Missing values at the proportion investigated in this study had less effect than typing errors, but they reduced the number of correctly ordered maps, especially for a marker separation of 2 cM. The variability among the order in bootstrap replicates also increases when missing values are present. There was also a tendency for missing values to lead to slightly shorter map lengths for more widely separated markers, especially in the presence of distorted segregation ratios and/or when using weighted least squares. The presence of missing values in the marker data means that information about the number of true recombinations that have taken place along the chromosome is lost. In our simulation data, missing values were dispersed randomly throughout the data, but in experimental data the distribution is likely to be nonrandom, with some markers being difficult to score and so having more missing values than others. This may have more effect on the estimates of map order and length.

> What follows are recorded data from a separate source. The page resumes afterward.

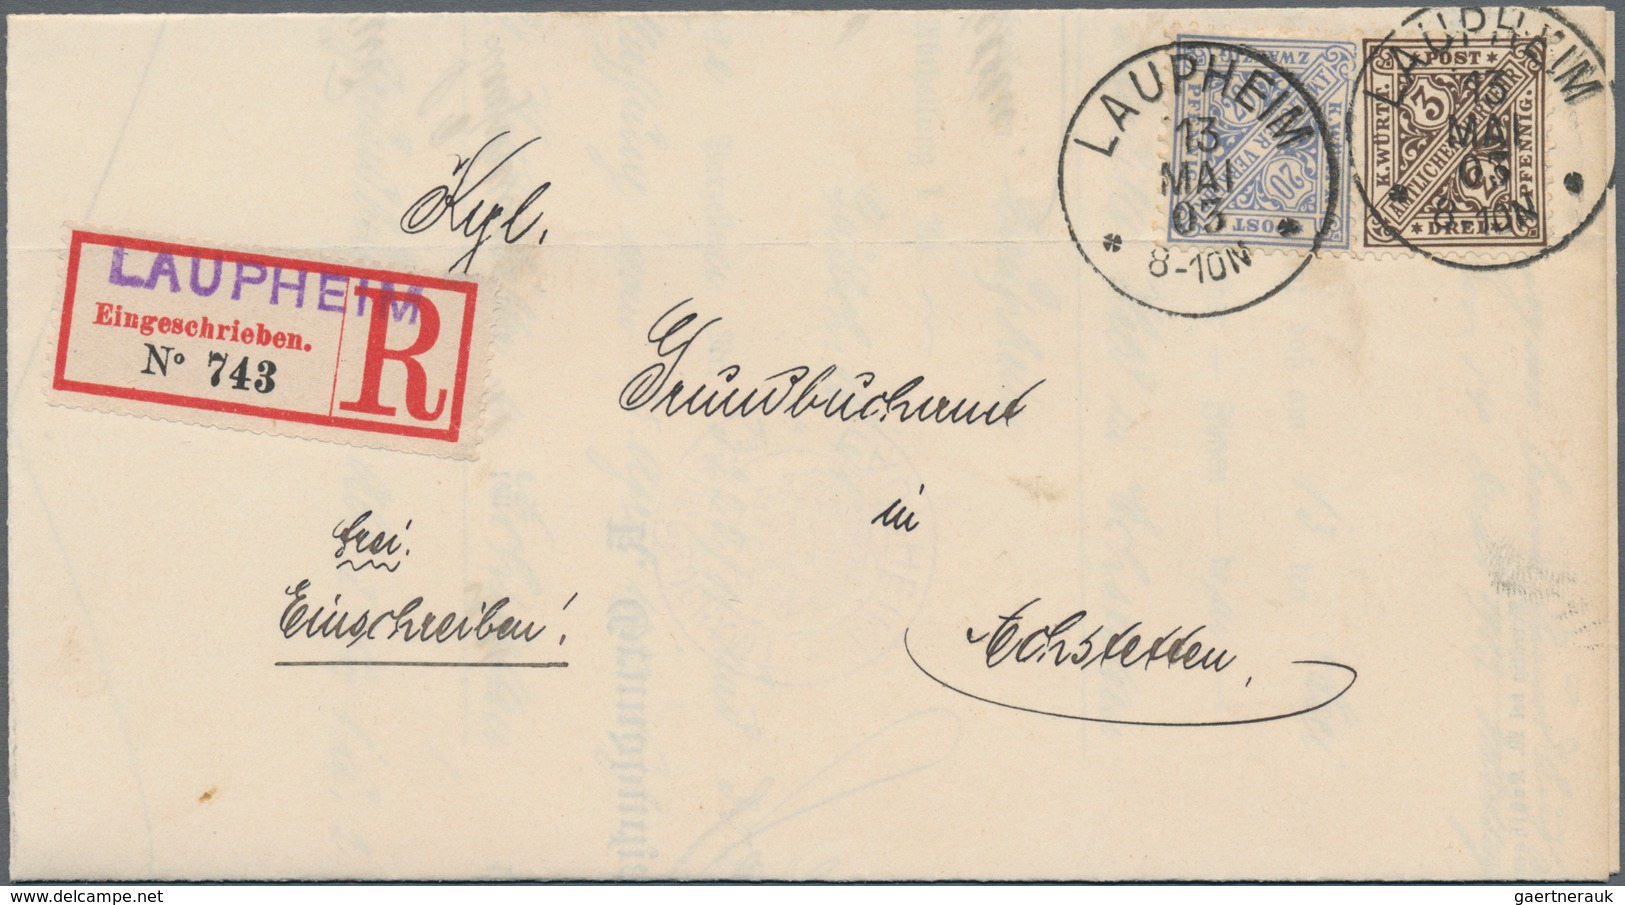 Württemberg - Marken und Briefe: 1851/1920, gehaltvoller Sammlungbestand mit ca.100 Briefen, Karten
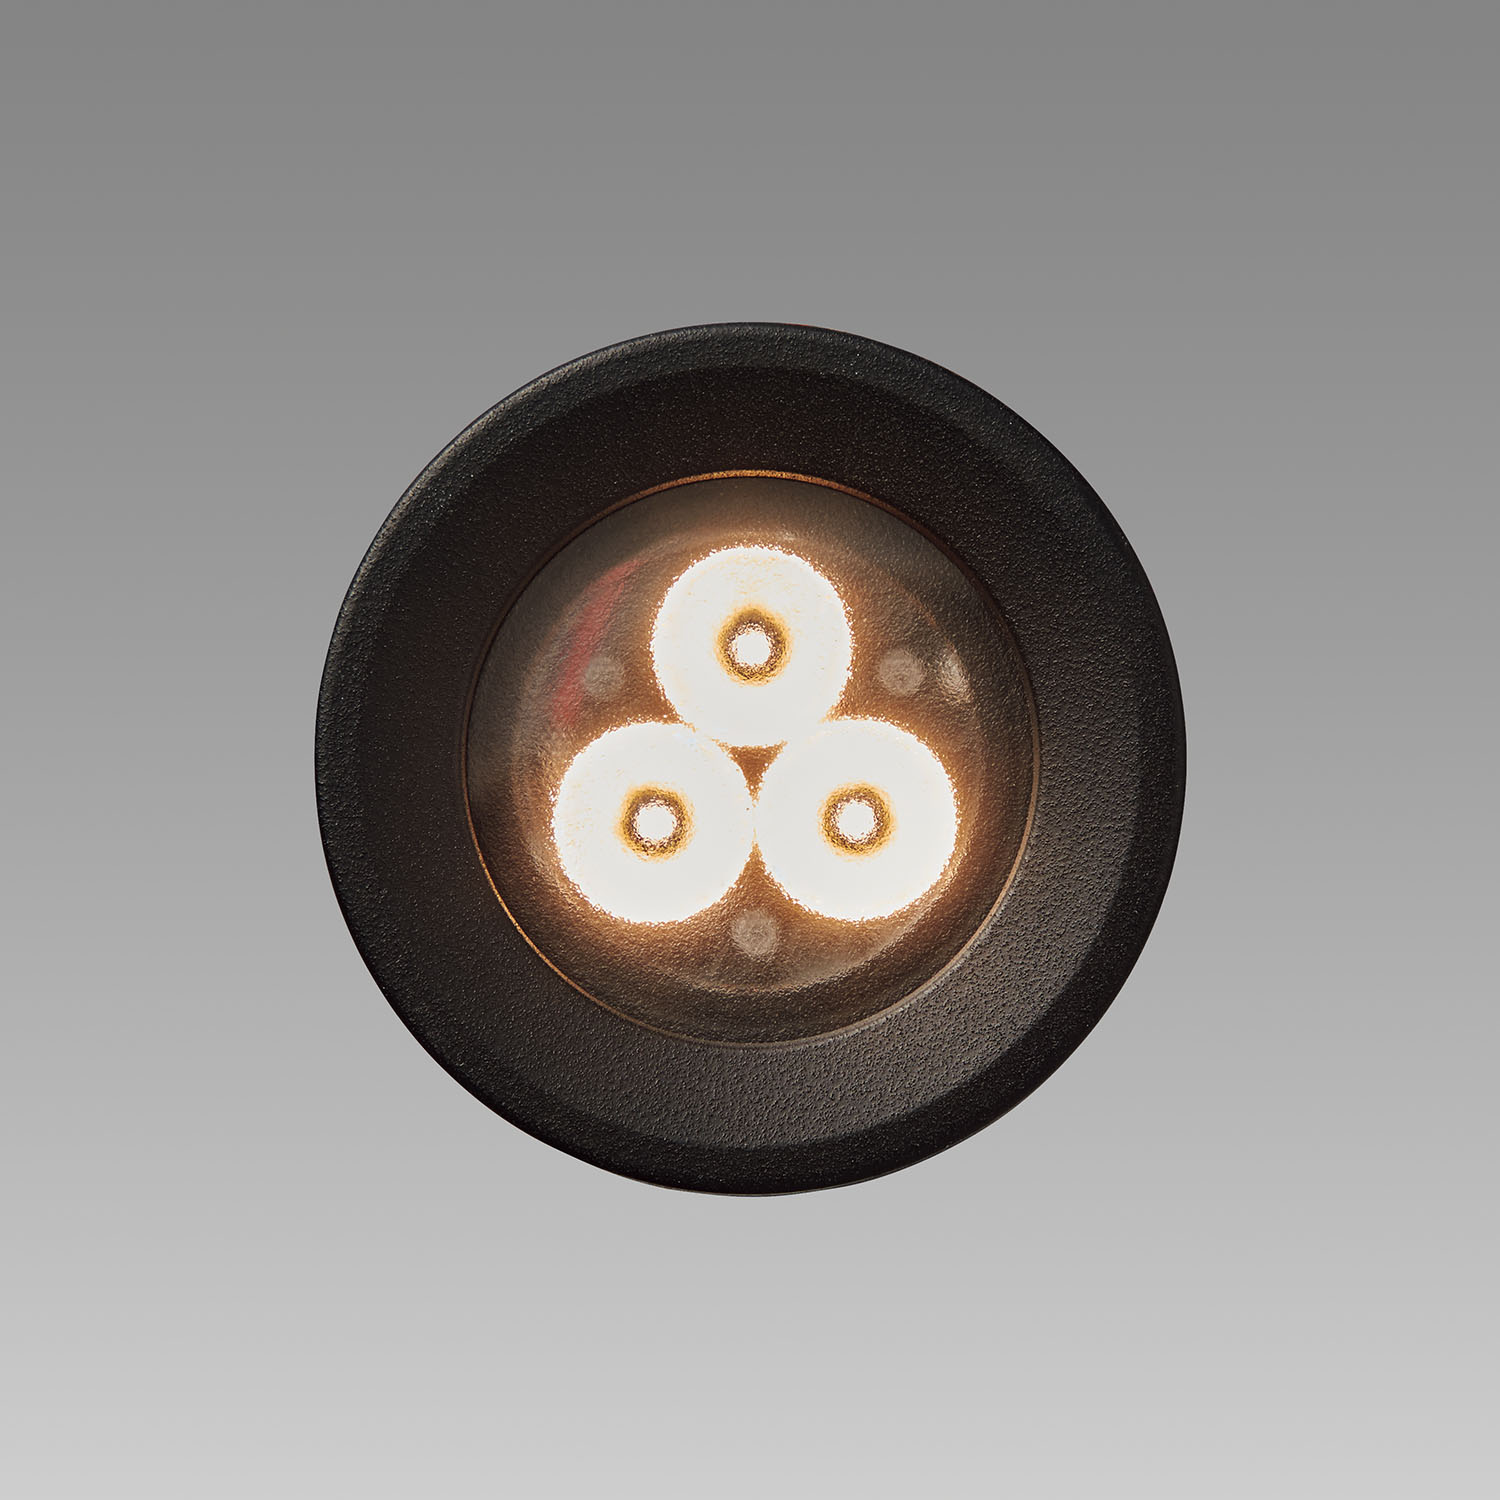 山田照明 山田照明 Compact Spot Neo（コンパクト・スポット・ネオ） 屋外用スポットライト 黒色 LED 電球色 調光 64度 AD -3147-L
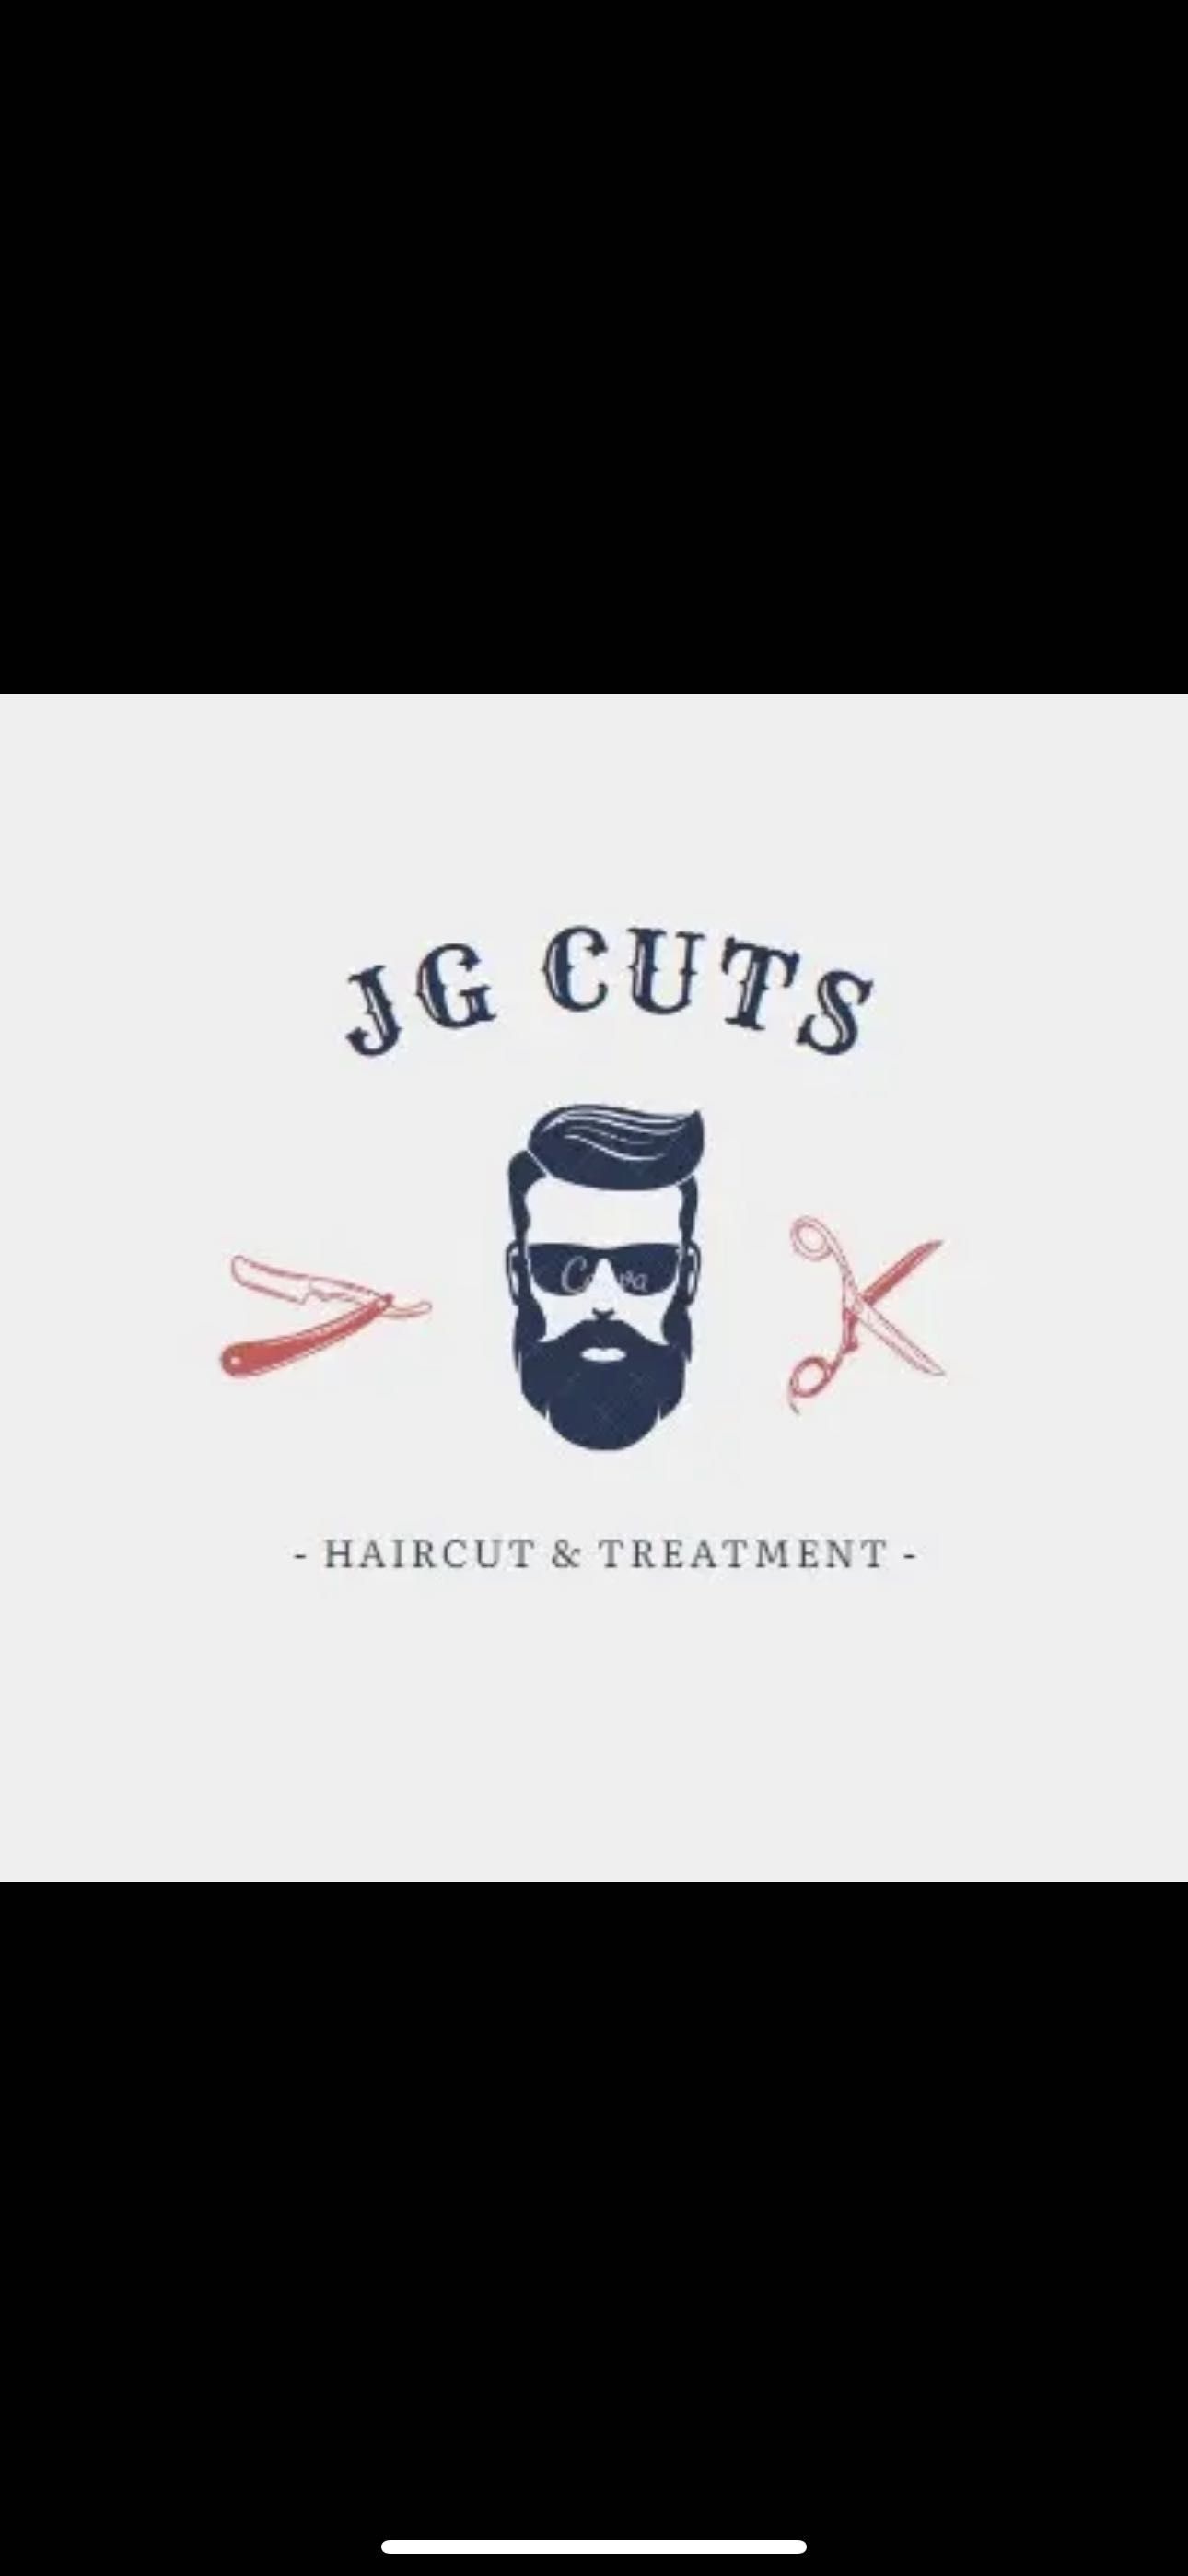 J.G the Barber @ Artcutech, 7229 Centreville Rd, Manassas, 20111

Segregation distortion at the level introduced in this study had very little effect on marker order or length. For doubled-haploid populations, segregation distortion does not affect the equation for the maximum likelihood estimate of the recombination fraction when a single locus on a chromosome causes differential viability, although problems arise in the form of biased recombination fraction estimates when more than one locus is involved (Lorieux et al, 1995). Cheng et al (1998) have proposed a method for inferring the presence of and mapping a locus causing distortion, which they refer to as a partial lethal-factor locus, and have applied this to the barley Steptoe–Morex population. There is scope for further research on checking the goodness of fit of a single locus affecting viability.